You describe your creative process as "free-form experimentation." How is that a good reflection of who you are as a twenty-something artist from Toronto?

Toronto is so diverse, culturally and in terms of all the different art and all the different experiences. I grew up downtown but I went to school in North York with people from all over the city. I went to an arts school. I've just been exposed to a lot of different ideas and I try to just keep an open mind when I'm creating. By free-form, I would say that I hone in on different methods, depending on what the idea demands. It's not just completely open-ended and without borders. It's just that I try a lot of different approaches to how I make music. I guess I'm still honing in on my own method. I try not to be formulaic about it.

You're always thinking visually when you're writing about music, I heard. Everything is a soundtrack to you. What was your favourite moment that was sonically photographed and transitioned to sound on Indigo?

Acid Test. The initial idea for that, I was playing with a couple of the guys in my band and we were just jamming in the space and I was on drums and it was just a crazy energy. We had been listening to Jimi Hendrix and we were spontaneously getting into it. It was pretty wavy. It was a hot summer night and we played really loud to the point that we got noise complaints and shit. I was literally drenched in sweat. It was manic. That session was where the initial idea came from. It sounded a bit different. I recorded it on my phone and went back to it and that's how I started 'Acid Test.' and it takes me back to that vibe every single time.

Do you plan on transitioning into soundtracks in the future because of how that fits your current mentality?

It's a matter of seeing what opportunities present themselves. I would love to do some film music. That's a huge influence, for sure and a huge part of the concept. At the same time, I'm really focused on writing songs right now. Scoring for film is kind of a different format, where you score to a scene that might already be shot. I'm down to do that in the future, but right now, I'm working on my songwriting and don't really want to mess with that limitation. But I've thought about that, a lot.

What does your current summer soundtrack sound like? What are you playing and how would you describe the creative vibe you're in summer sixteen?

I'm definitely listening to that new BADBADNOTGOOD, of course. I'm listening to a lot of Marvin Gaye lately. I'm always listening to a lot of old music. I'm doing a bit of travelling this summer, doing a few shows and stuff. I usually write a lot when I'm sitting on the plane. I just write lyrics and stuff. I'm just trying to get outside more. You end up just in the studio where there's no sunlight and I need to step away from that for a minute and get outside and breathe a little. That's my mentality.

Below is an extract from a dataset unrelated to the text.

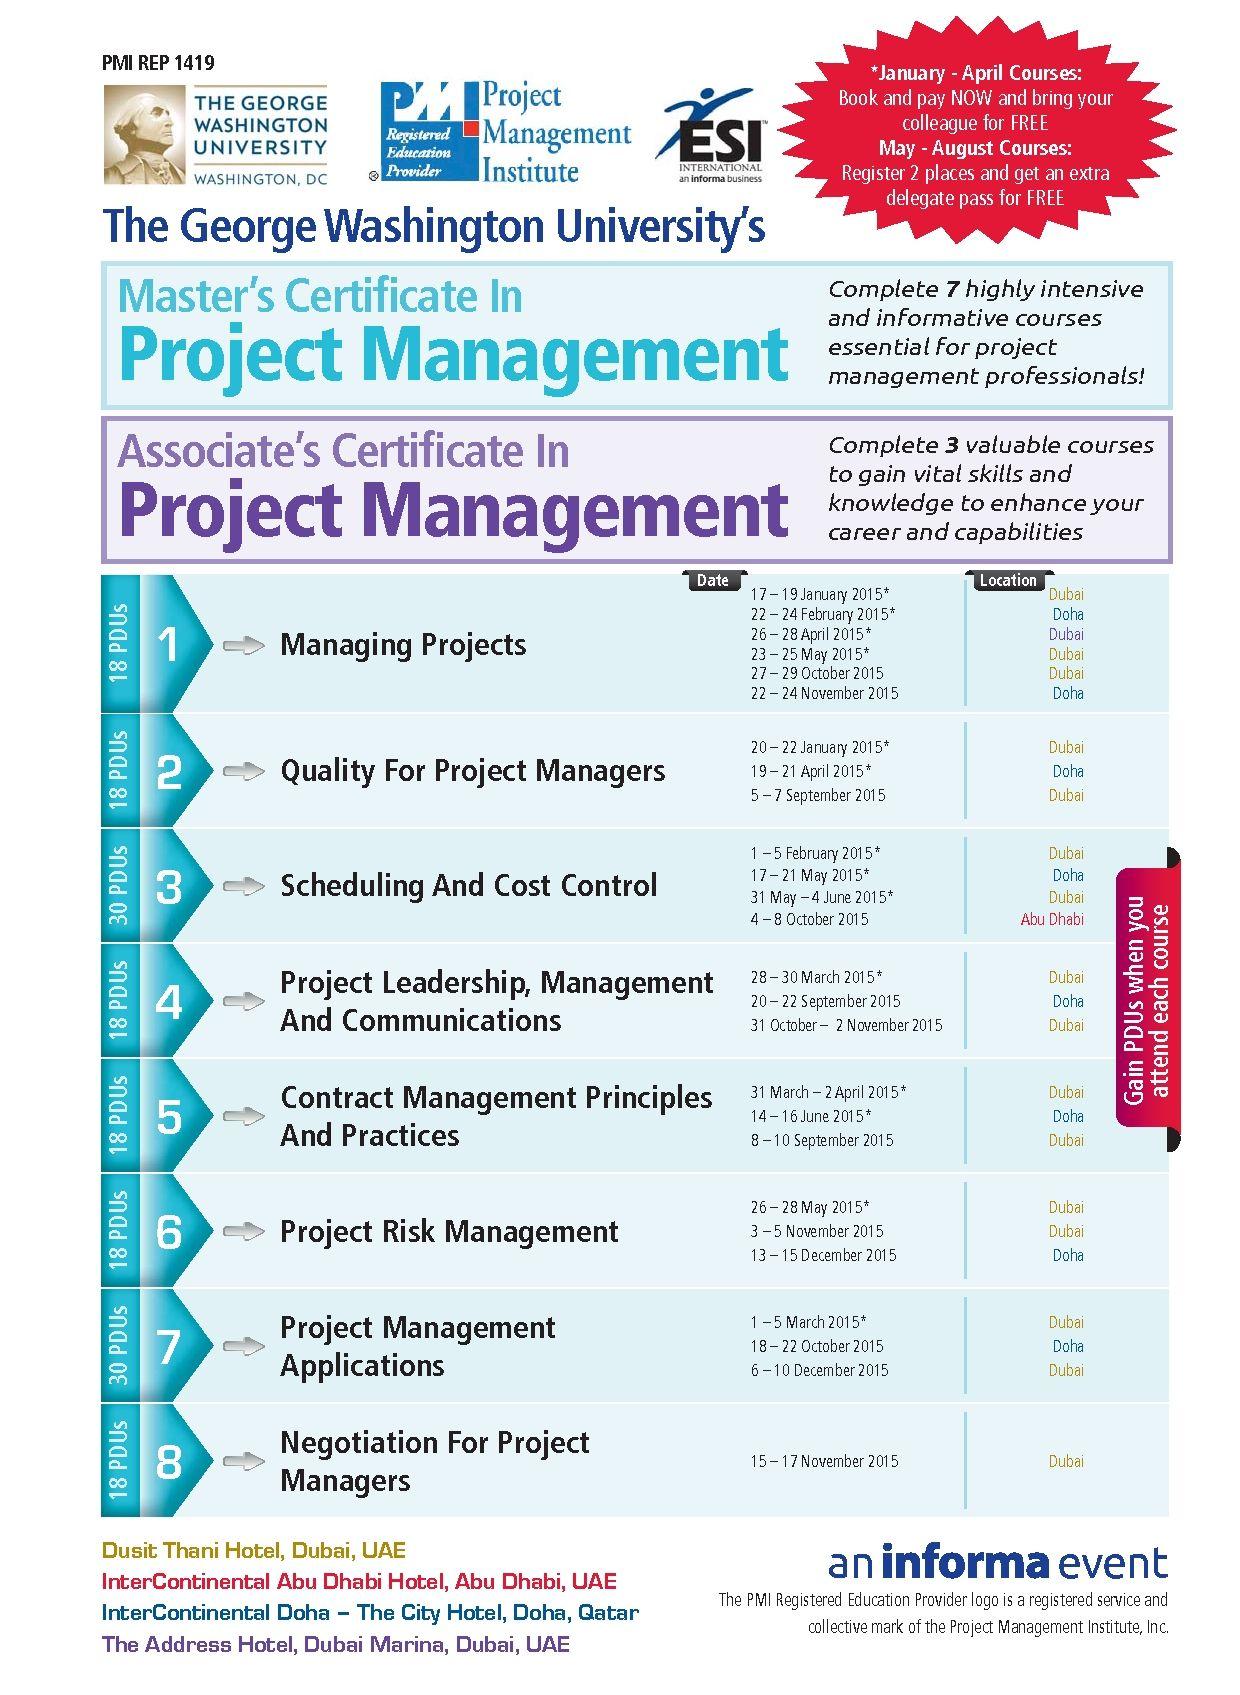 Informa me project management training negotiation for project informa me project management training negotiation for project managers 1betcityfo Images

I read that you defined success as being able to do this for the rest of your life. In this time of music market, where relevancy and hype cycles by the hour, what do you think the key to that is, with you specifically?

I think you kind of just ignore the noise. I know when I'm making something of quality that is indispensable. I think that the way we consume music today is a little bit crazy. It's at a speed and pace that is unprecedented. You don't even purchase music anymore, you just rent it from a database and then you just throw it away and dispose of it. The speed at which shit moves is crazy. I think that seeing people review albums a few days after they come out or whatever is a little intense too. People need to slow down a little bit. I feel like I've connected with a lot of people that feel the same way as me, who like to listen to music a little bit more slowly and who like to take their time with the art and contemplate it a little more and give things more than one listen. I always want to stay on that track. I think that is just a timeless and unshakeable way to create. I just tune out the whole hype conversation, because I don't care about artists that are hyped up. I listen to music that's stood the test of time. I keep up with it all. I like the idea of it. It's fun, but when it comes down to the real shit, I just don't care for that whole world.